Lately, I’ve been struggling and fighting with my inner demons. Depression has been my nemesis since God knows when. I've always fought with depression in various degrees of mildness or severity, since I can remember. Even as a kid, I found myself always the odd one out, attempting to exist in a place that didn't understand me, and instead of asking, it was just assumed that what and who I am was simply wrong. People close to me never made me feel loved. They were too critical about everything about me, that there were times when I felt it was a big mistake that I existed. Boy, I was glad to grow up! I hated being a kid. I was a kid when I felt most rejected, unloved, shamed and humiliated.

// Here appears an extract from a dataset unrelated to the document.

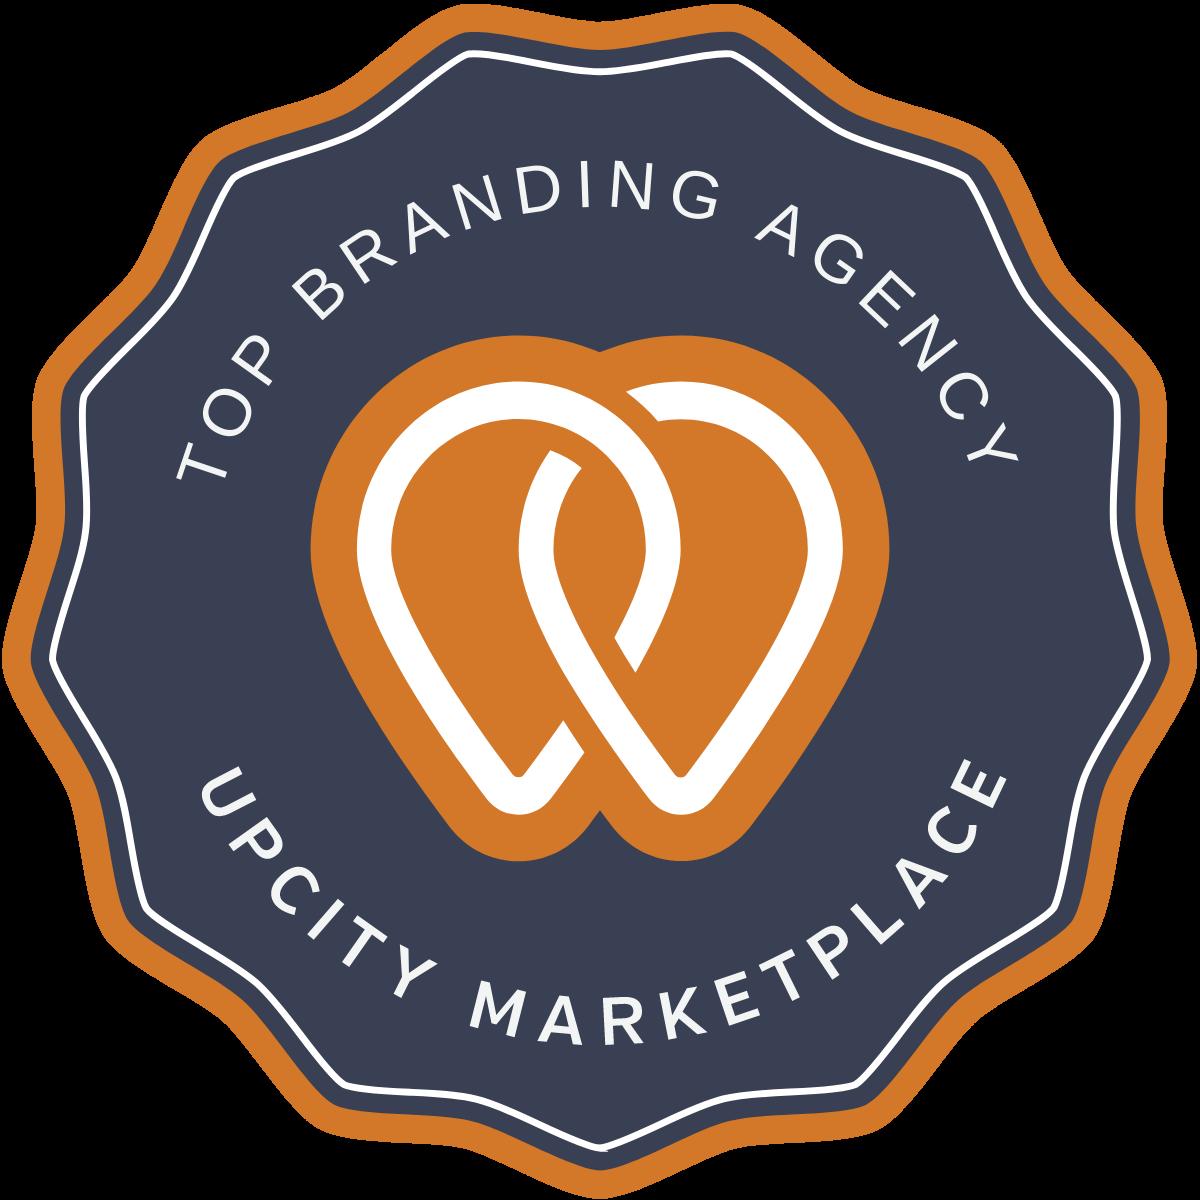 Upcity Branding Award

Since I move back to the Philippines, I felt abandoned by the very people that I thought were my friends, some closer still... more like family. It's funny how moving away and being here has brought so much clarity. Not that the picture is pretty. I've been used, manipulated, and tossed aside by some of the most amazing people I thought I knew. Even now, I can't convince myself to hate them, though trust me, I wish I could. Some days I wish I had a dick so I can slap them with my 3-inch limpy DICK! Well, I’m not exactly gay, but I was just trying to make a point. I'm not the kind of person who can live with negativity. I believe that life’s too short to worry about stupid shit. There are better things to worry about. The voices in my head tell me that I could fall into a deep depression, not leave my bed in three days or the house in weeks, but the rational and saner side of me tells me that letting myself fall into a crevice of my own making is not going to do me any good or make me feel any better.
I don’t doubt that I am a great person; I have been told that I am a loving person, and I’m pretty easy going , loads of fun (the definition of party itself) and relatively nice, but to be fair, I do not understand others well sometimes, or perhaps it is simply that I do not read others well. Perhaps they are the different sides of exactly the same coin. Confusion and chaos inevitably reign when I start reading in between the lines, or start making assumptions, so I've learned to trust my gutt and lean on hard facts.
A friendship, much like a relationship of any other kind, needs to be nurtured, cared for, and needs to be paid close attention to. The distance shouldn’t even be an issue, if one truly cares enough. Some very smart people invented computers and the internet, mobile phones, and even the good ole fashion snail mail still exist, you know.
I hate opening up and allowing myself to be vulnerable except when it comes to the people I love, but very very slowly, I am opening up to the changes; the different people around me, the different way of life here, the different routine. There's always room for new friends or acquaintances, but I reserve VIP rooms for old friends, the friends I have now, the people I care about, and the one I love.